I started my family's version of the world war today. :-/ I didn't mean to do it... I really didn't. Honestly. But I did and I'm not sorry for it and I probably won't be spoken to by my mother for awhile but I'm beyond the point of caring right now. She calls Gina to tell her that Grandma is in the critical care unit. The doctors put her in there last night. She asks Gina to pass along the information to me. As if she's too busy to make a 30 second phone call. That was the first thing that pissed me off. She also tells Gina that we shouldn't go visit until she calls to tell us that Grandma is back in a private room because visiting hours at the CCU are only for 15 minutes on the hour every 3 hours and for 30 minutes at 6pm. And she can only have two visitors at a time.That was the second and third thing that pissed me off. First of all, getting information from my mother is like pulling teeth and Grandma could have been discharged by the time she gets around to telling us they've taken her out of the CCU and second, no one and by no one I mean my mother, is going to tell me that I can't go see her. If the doctor says it, fine, but my mother is all like "There are such limited visiting hours I'd hate for y'all to drive all the way up there and not be able to see her."
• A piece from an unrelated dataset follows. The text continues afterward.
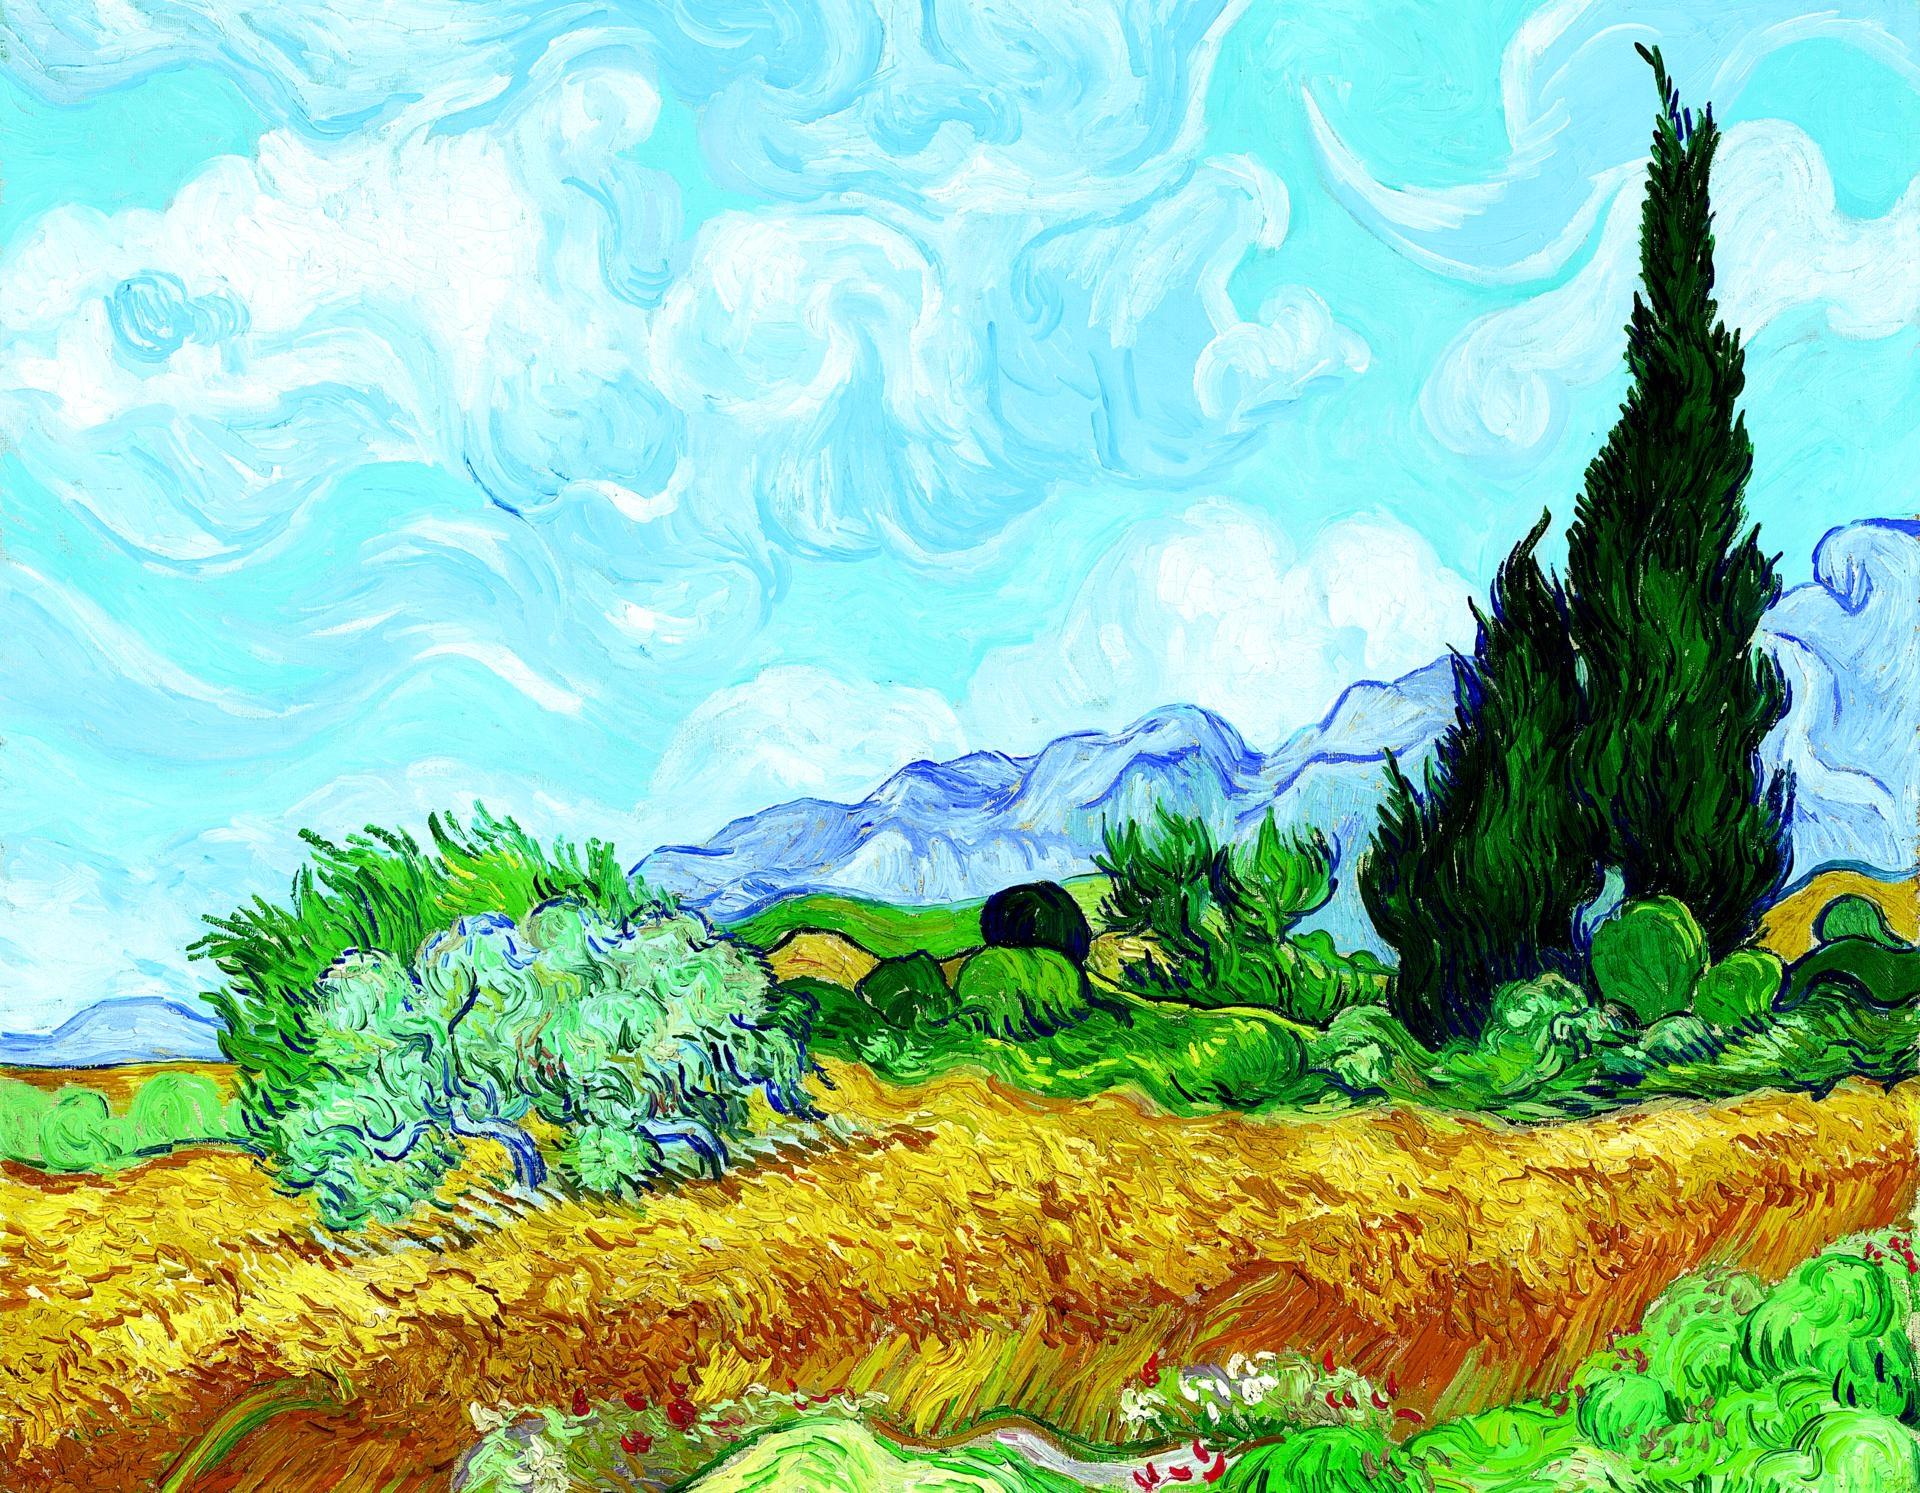 0003_梵高_03梵高麦田中的柏树(7090)-世界名画高清调色版套图20幅TIF_5316x4134PX_TIF_150DPI_65_0

Let's get this straight: If Marie drives to Dunn (which for me is only like a 15 minute drive) and can't see her, she can easily return at the next set of visiting hours. If Marie drives to Dunn and there are only a couple of people up there, somebody can leave the room for me to have 5 minutes to speak to her and tell her I love her and give her a hug and a kiss. I'm not asking for a full 15 or 30 minute visit. I just want her to know that I care and that I came up there because despite the fact that she's got Alzheimer's I truly believe that she still has lucid points and can comprehend things.
Regardless... I was pissed. She (that woman I call mama) is not going to tell me when I can or can not see my grandma. I'm 28 years old and I stopped doing what they told me years and years ago. She can get over it. Judging from my sister's reaction, you would have assumed that I was contemplating something sinister. She actually said and I quote: "You are still going to go up there even though she said not to." Ummmm hell yes. And they can be pissed off if they want but this woman is my grandma too and they are not going to dictate when I can see her. Fuck that. (You have already figured out haven't you that the whole family world war thing got started because my sister has a big mouth and repeated all that I said to my mother....right? If you hadn't, you are now informed. 8-)
So she's all shocked acting and I can't believe you'd do that... and blah blah blah. Gina's problem is that she likes to stir stuff up for one, and for two, she's afraid of doing something that will make them (the parents) angry with her. I, on the other hand, gave up caring about their opinion eons ago and personally prefer when they don't speak to me... makes my life a lot less complicated. Like I tried to tell her, Grandma is 85 years old. They may never take her out of that CCU... she may be there until the day she dies and I don't want to lose the chance to get to talk with her because my mother was being an overbearing.... I'm sure you get the point.
And I know her very well. When other family members comment about Marie and Gina haven't been to visit, she won't step up and say "Well I told them not to until after they move her out of here..."; instead, she'll be like "Well you know how they are. Too busy with their own lives to give a rat's behind." Or something to that effect. I'm telling you the woman is a poster child for two-facedness sometimes.
I despise all the drama. I really wish they'd all act their age and not their shoe sizes.
My children are sleeping. Chris is watching a movie and I'm sitting here... omg, why am I sitting here?...lol. It's almost 11pm. I should be in bed. Which is where I think I am headed.